Patients who complain of lateral hip pain are usually from a non-traumatic origin and localize tenderness over the greater trochanter. This best describes trochanteric bursitis. They typically describe pain sleeping on the affected side, pain getting in and out of chairs/cars, and have a popping feeling with going from seated to standing and vice verse. They are more often than not over-weight and sedentary.

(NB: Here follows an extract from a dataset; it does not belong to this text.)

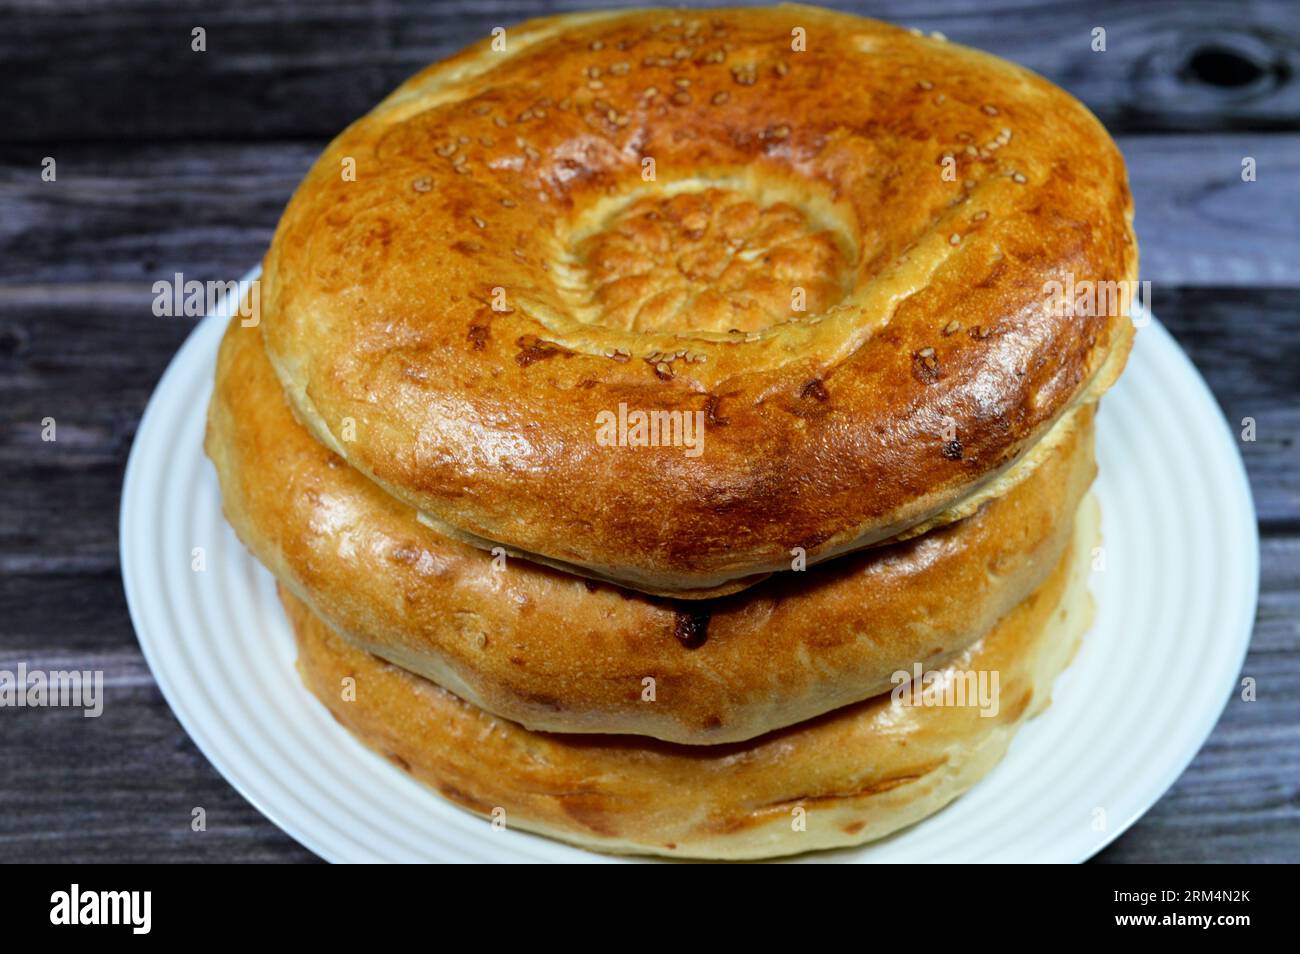 Tandyr nan Uzbek bread, a type of Central Asian bread, often decorated by stamping patterns on the dough by using a bread stamp known as a chekich, al Stock Photo
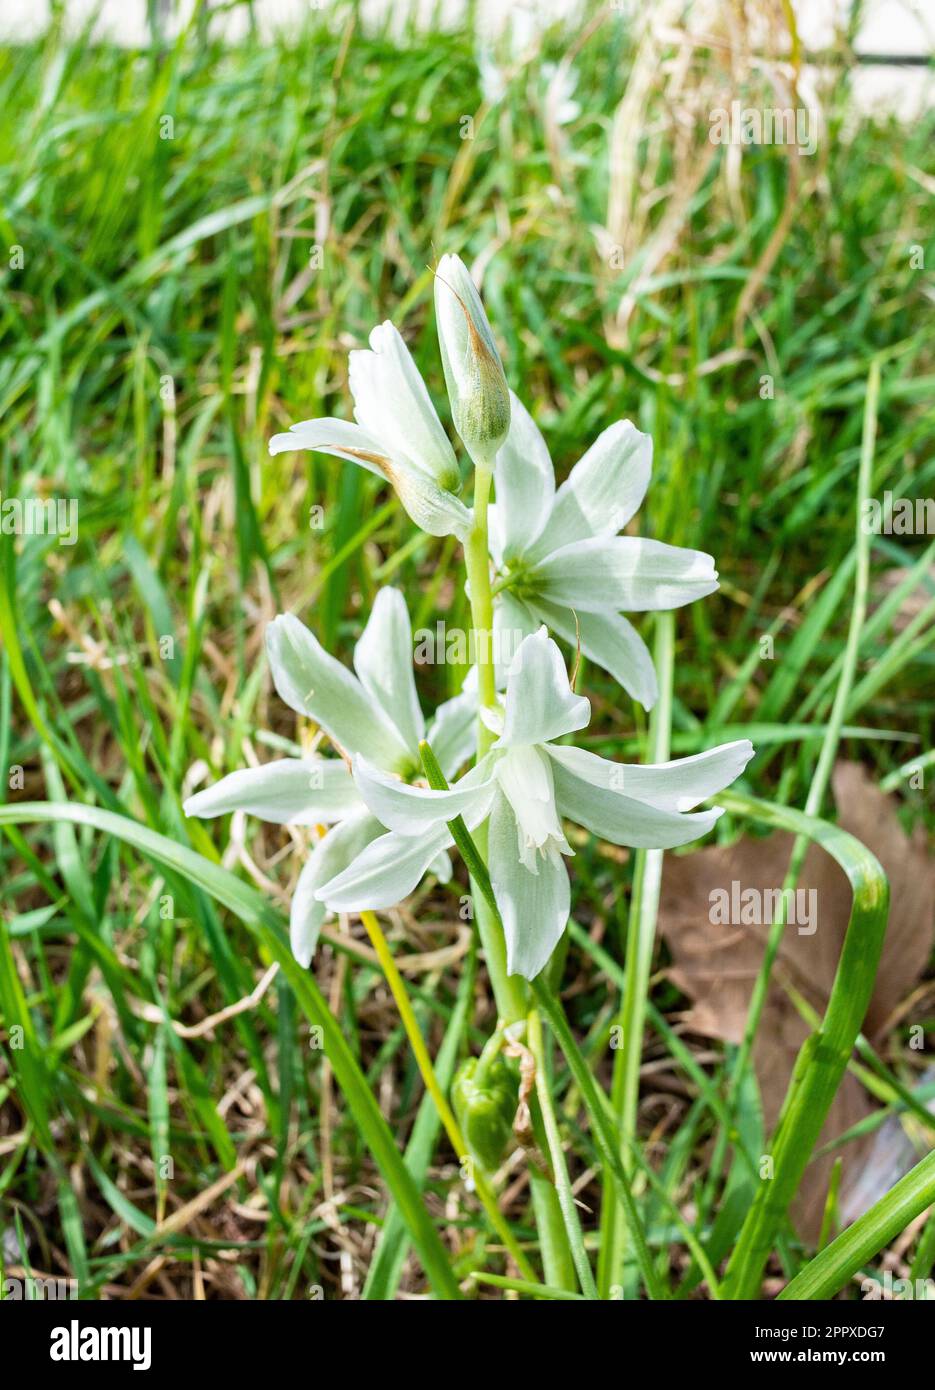 Ornithogalum nutans, known as drooping star-of-Bethlehem,[2] is a species of flowering plant in the family Asparagaceae, native to Europe and South We Stock Photo

They also do not experience any radicular symptoms but may describe pain that runs along the lateral thigh and stops near Gerdy's tubercle. Aside for the possibility for fracture or skin infection, trochanteric bursitis is the primary cause for lateral hip pain in adults. However, lateral hip pain can also be a manifestation of a far lateral lumbar disc injury. A far lateral disc injury is a result of a disc rupture or bulge that presses on the lateral nerve root and causing referred pain along the lateral hip and goes into the groin. These patients can also complain of low back pain, leg weakness and sensory changes in the affected leg. Your physical examination will help to refine your diagnosis. Ultimately an MRI will help to definitively diagnosis this problem.

Posterior Hip Pain

Referred pain from the lumbar spine and associated nerves are the more common non-traumatic origin for posterior hip pain. Irritation of the sciatic nerve cause a radiation of pain into the buttocks in what is frequently described by patients as posterior hip pain. These patients are uncomfortable with sitting and lying down, movement makes them more painful and resting too long makes them equally uncomfortable. They may experience a dull ache or a sharp burning pain that runs down the leg to the level of the knee or into the foot. They may be in mild discomfort or excruciating pain. They may report weakness with leg or foot motions and have some sensory changes in the affected extremity. Patients with pelvic trauma, acetabulum fractures, hip dislocation, hip impingement/labrium tear, hamstring strain, degenerative hip joint and trochanteric bursitis can also present as posterior hip pain.


The location of a patient's hip complaint will give a provider better ideas as to the potential causes for that pain. Keep in mind that just because a patient localizes pain to one area of the hip does not exclude other causes for their pain. Patients can have more than one musculoskeletal problem at a time and may have pain that is perceived in various locations. Keeping in mind a wide differential diagnosis will help a provider better identify hip injuries.